(The data)

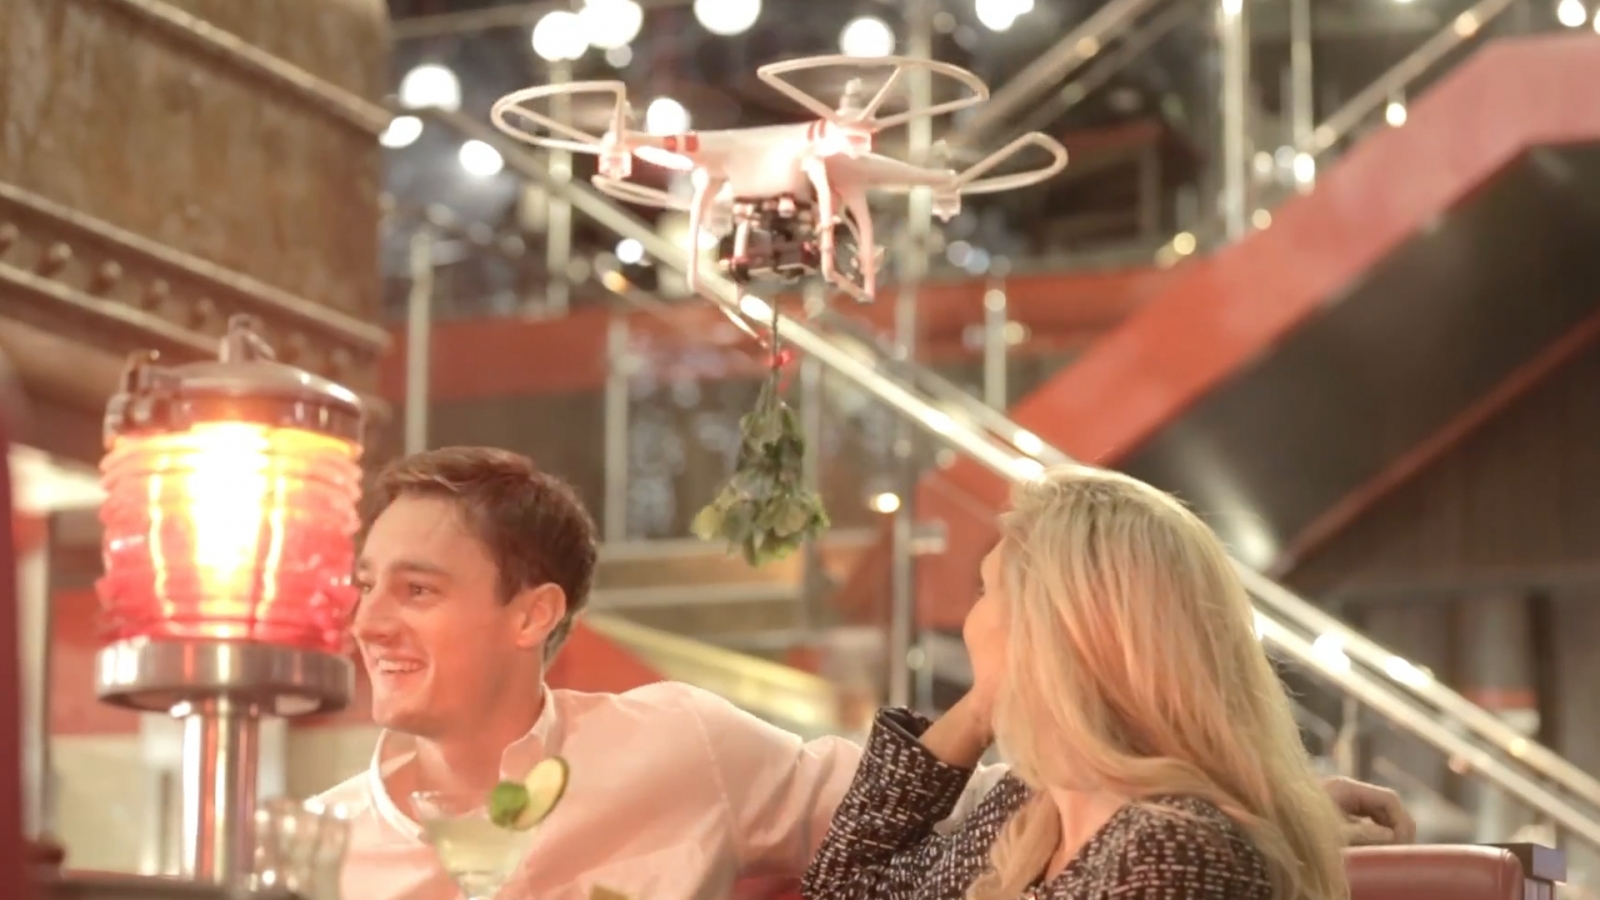 Restaurant Launches Mistletoe Drones for Christmas
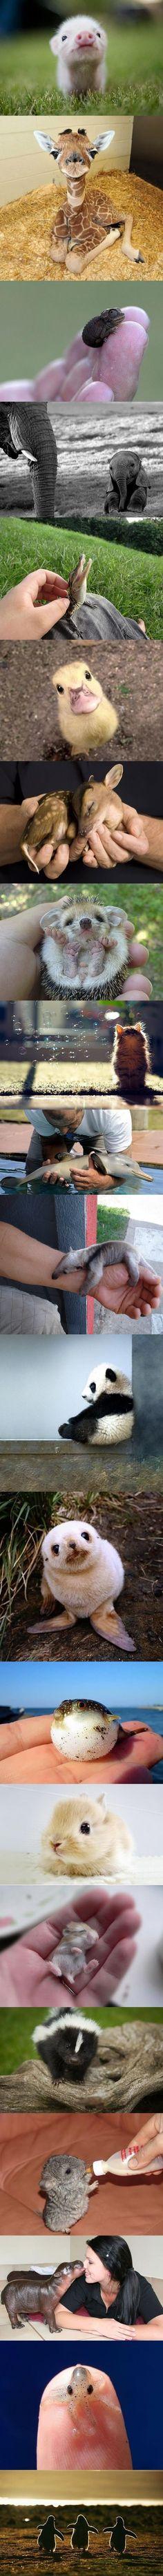 OMG!!!! SO SMALL AND PRECIOUS!!!!!
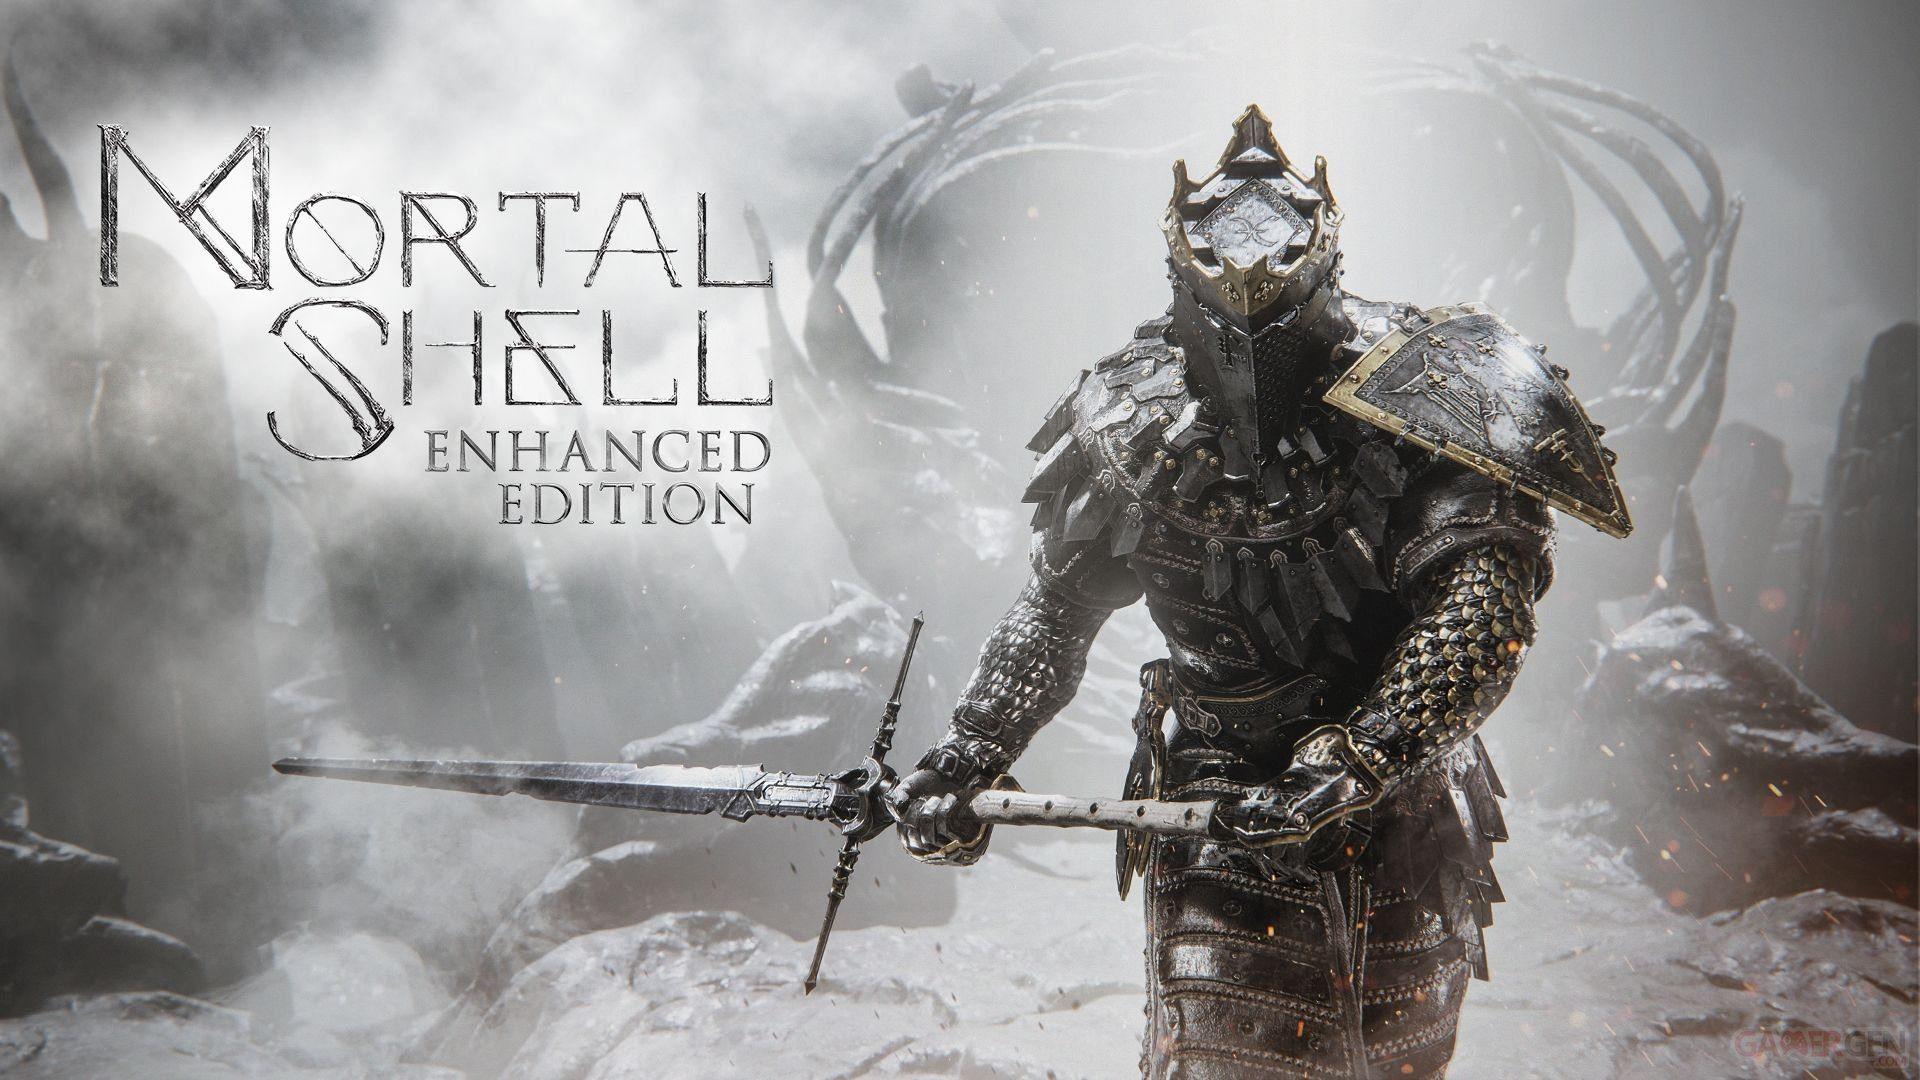 mortal-shell-enhanced-edition-25-02-2021-key-art_0900974846

(End The data)

Brief:
Quote the full listing above word for word; exclude every picture from the copy.

Final answer:
 Restaurant Launches Mistletoe Drones for Christmas
 OMG!!!! SO SMALL AND PRECIOUS!!!!!
 mortal-shell-enhanced-edition-25-02-2021-key-art_0900974846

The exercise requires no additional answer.